They had two children, Adolf Ulric, collector and natural scientist, and a daughter named Anna Johanna 1745–1801), who donated The Conspiracy of Claudius Civilis to the Royal Swedish Academy of Fine Arts.
The Anglo-Swedish company run by Andrew & Charles Lindegren in London handled all the exports, shipping documents, vessel clearances, and insurance for the Grill Trading House.
Imports consisted of salt from Portugal, oak and hemp from the Baltic states, also wine, coffee, sugar, cheese, tobacco and textiles.
[8] Grill ran his companies in an old-fashioned, patriarchal way writing letters every week to his managers at the estates concerning everything from the running of the factories to making enquiries about individual employees.
[3] Grill was an art collector and his houses were decorated with Chinese objects as well as paintings by Swedish and Dutch masters like Alexander Roslin, Gustaf Lundberg, Hans Memling and David Teniers.
[3] Imported porcelain broken in transit from China or by daily household use became decorative gravel used on the garden paths at one of the Grills' estates.
He wrote: "A part of the silver, which withstands the wear and tear of time and which even fire cannot destroy, we exchange for fragile objects of clay, which, once dropped, cannot be mended.
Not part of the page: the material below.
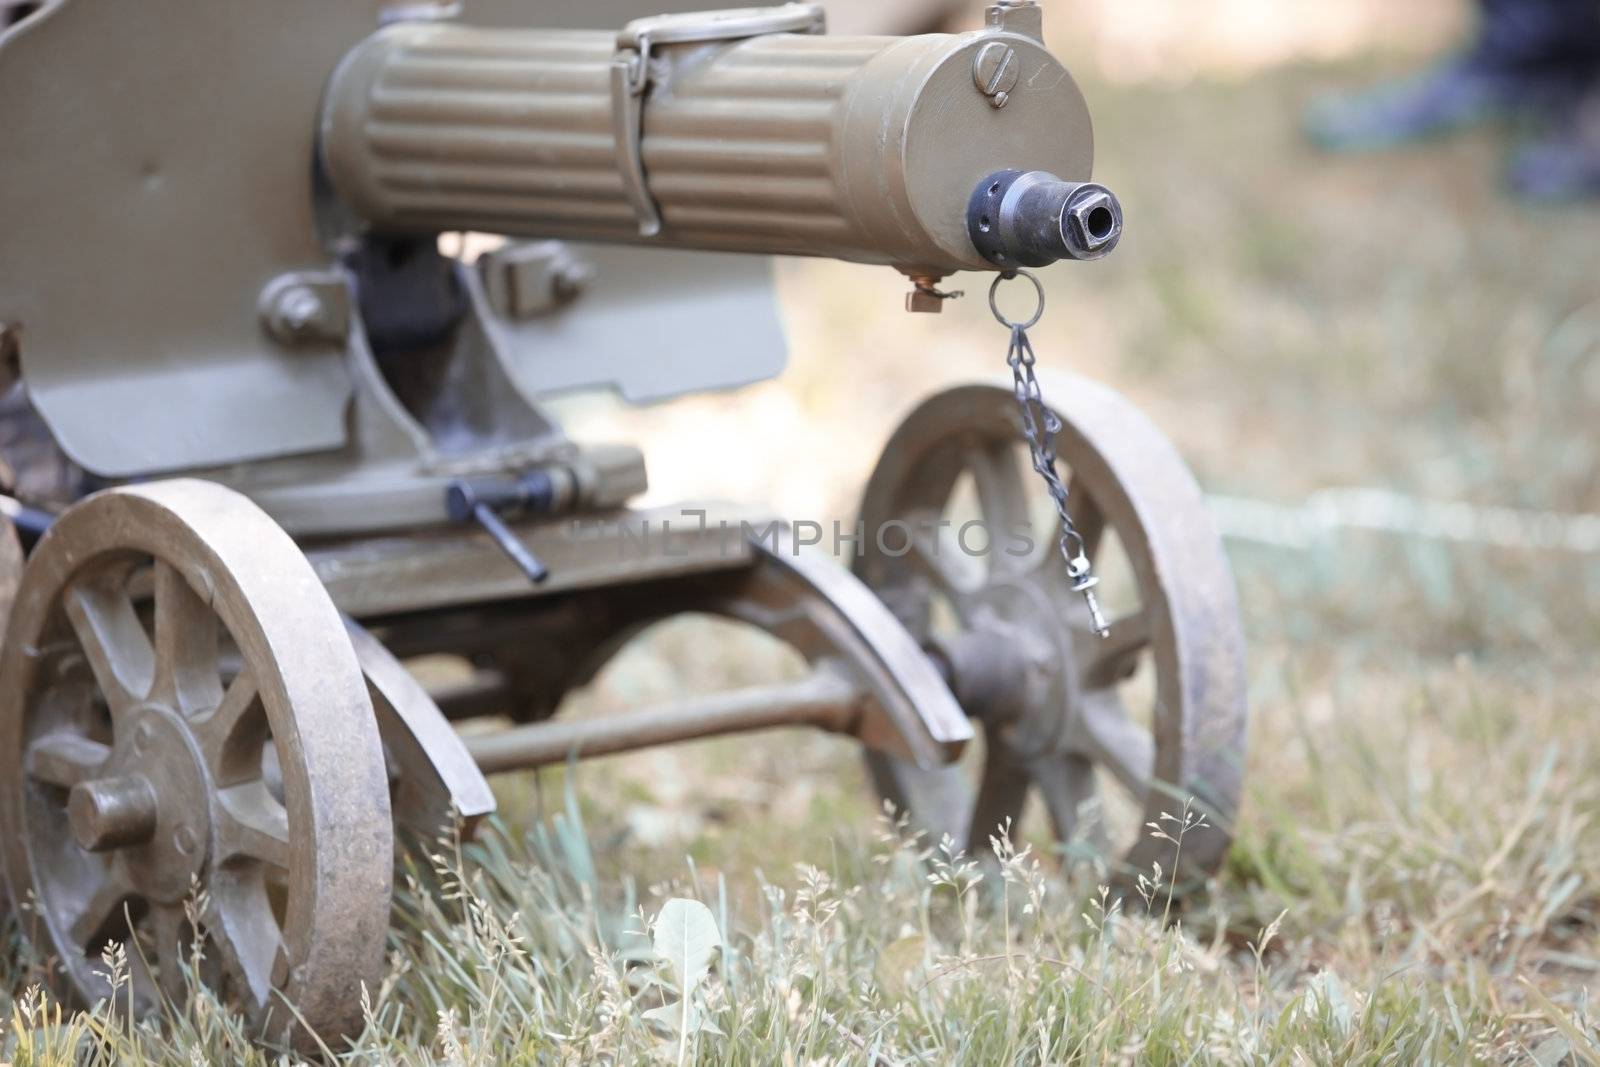 Maxim heavy machine gun in the field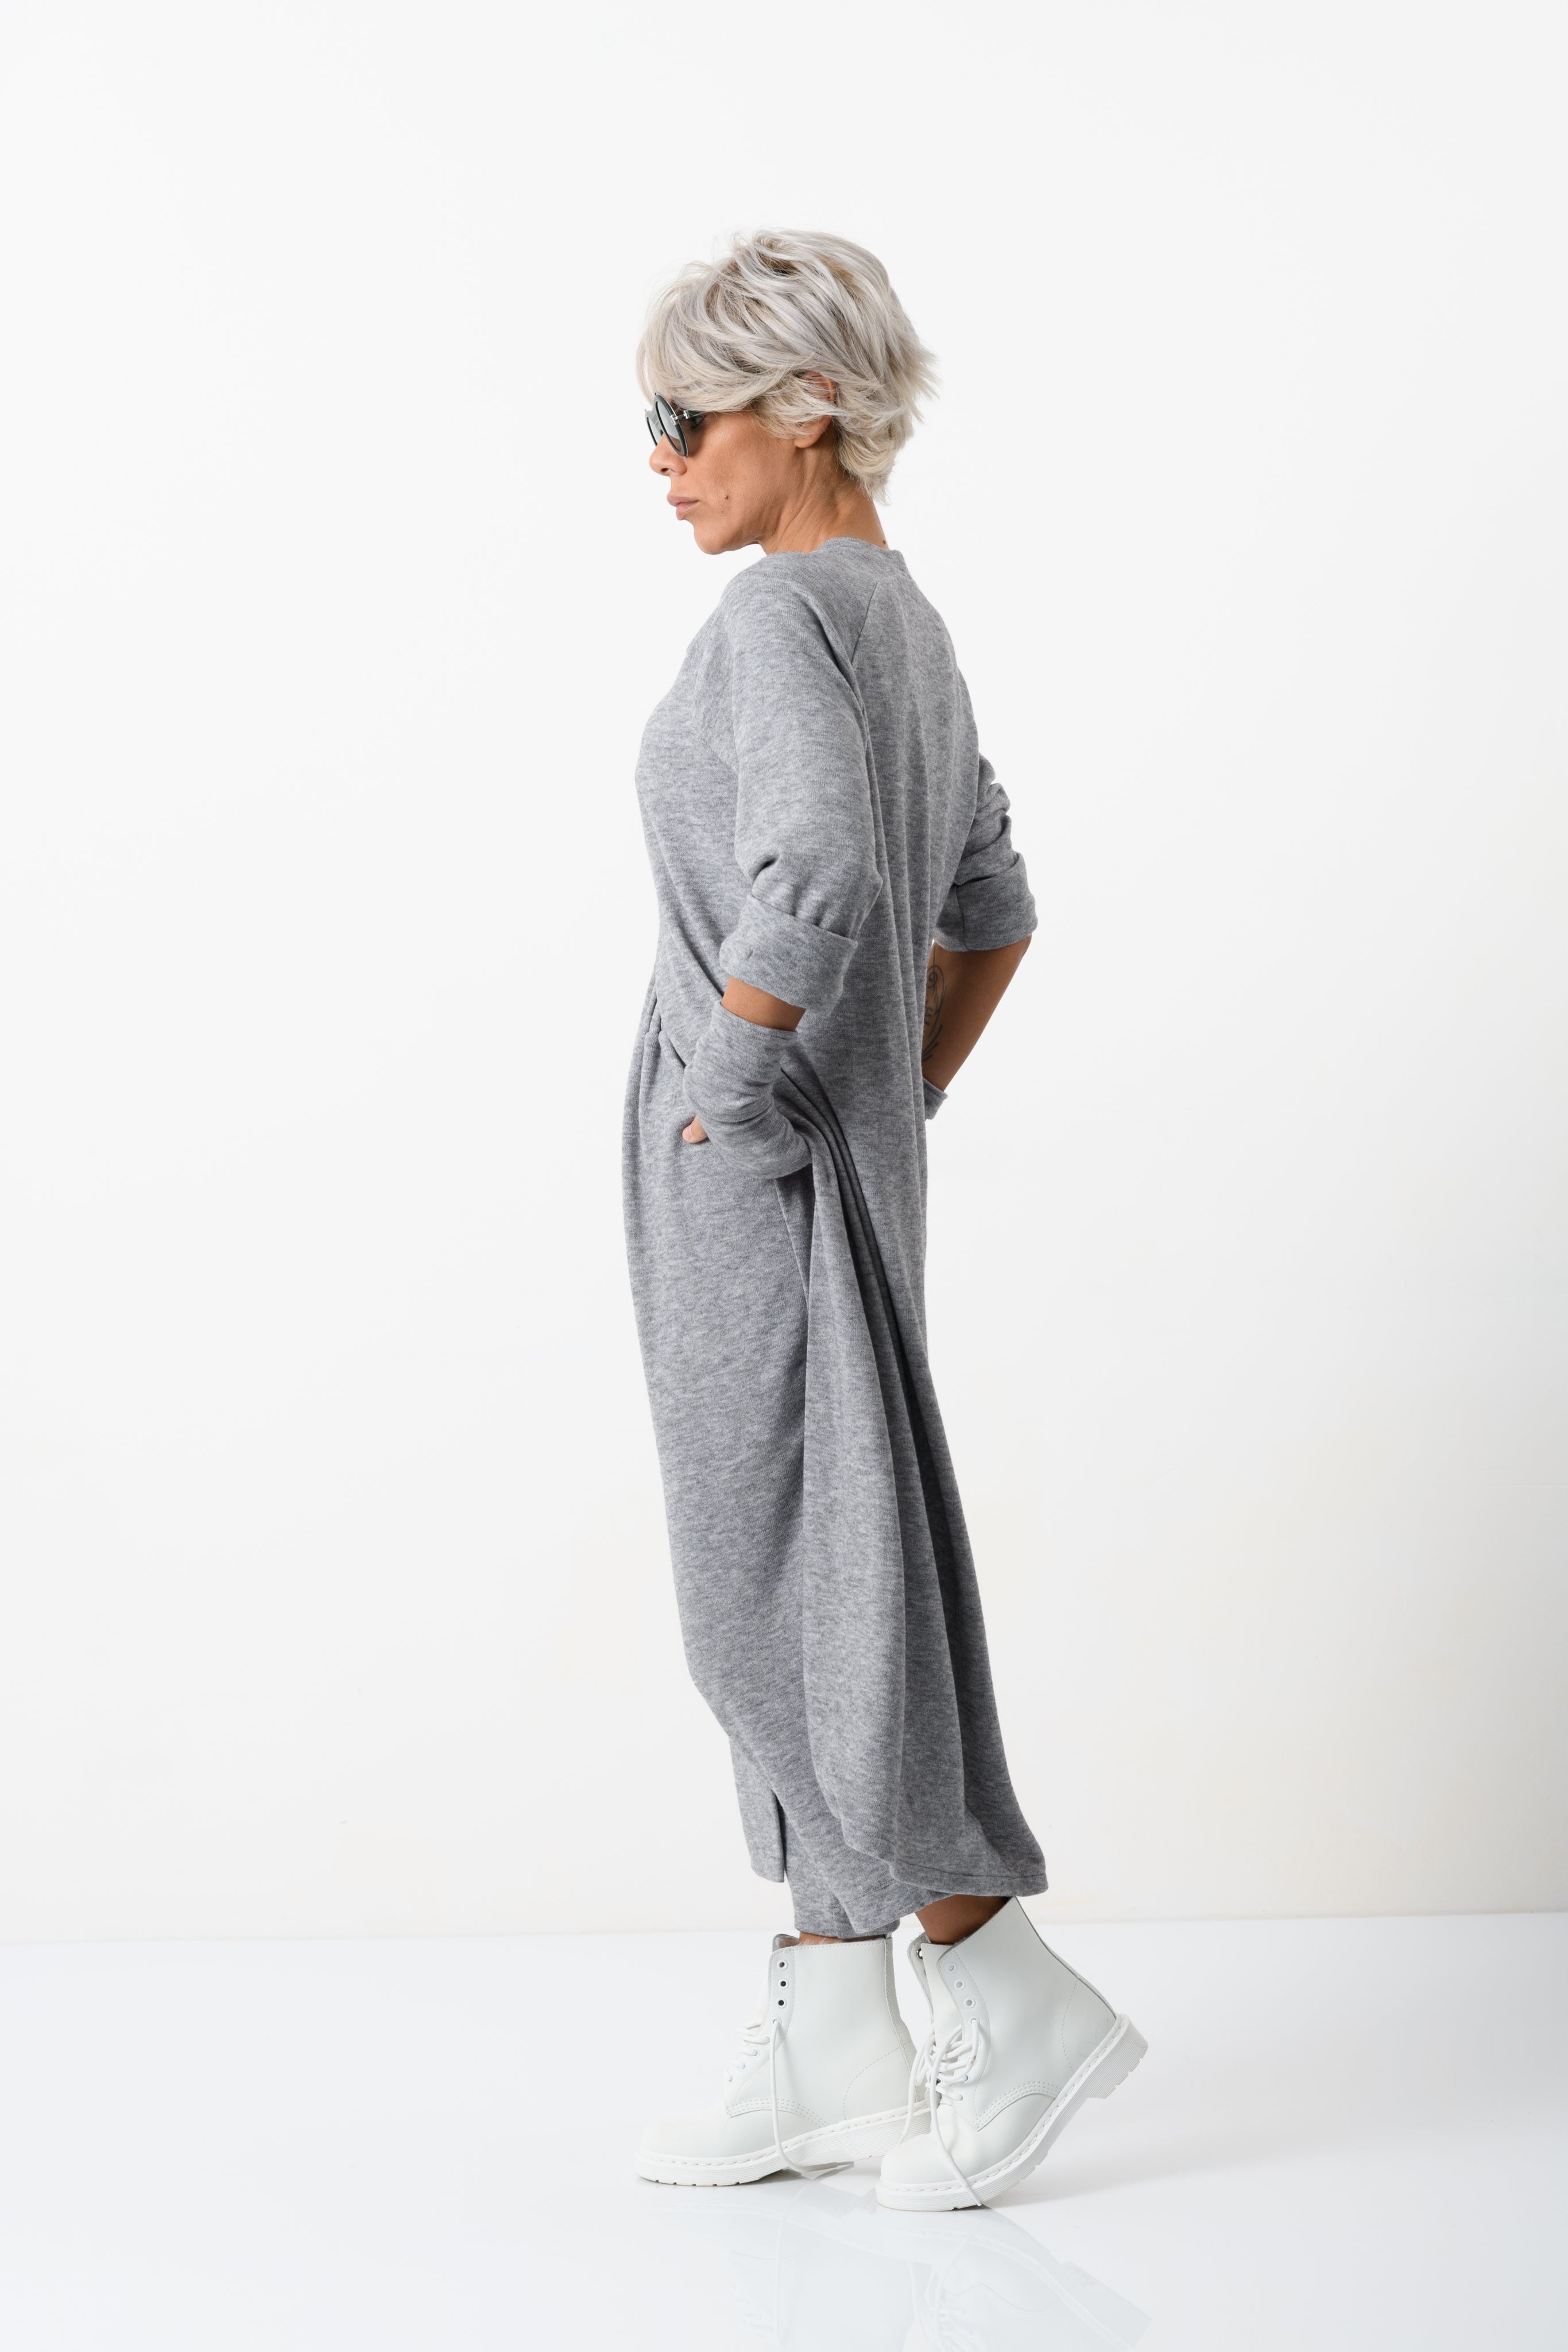 Three Pieces Grey Woman Casual Set – Clothes By Locker Room

"[9] Grill was interested in natural science and contributed to different projects, such as helping Carl Linnaeus financially and with the collection of plants and animal specimens from foreign lands.
He was also one of the partners in the infamous Växelkontoret (Exchange office), a private financial institution handling mainly promissory notes without the involvement of the central bank.
When the Caps became the ruling party in 1765, Grill, along with his half-brother Johan Abraham and all the other members of the Växelkontoret, were accused of corruption and mishandling its affairs.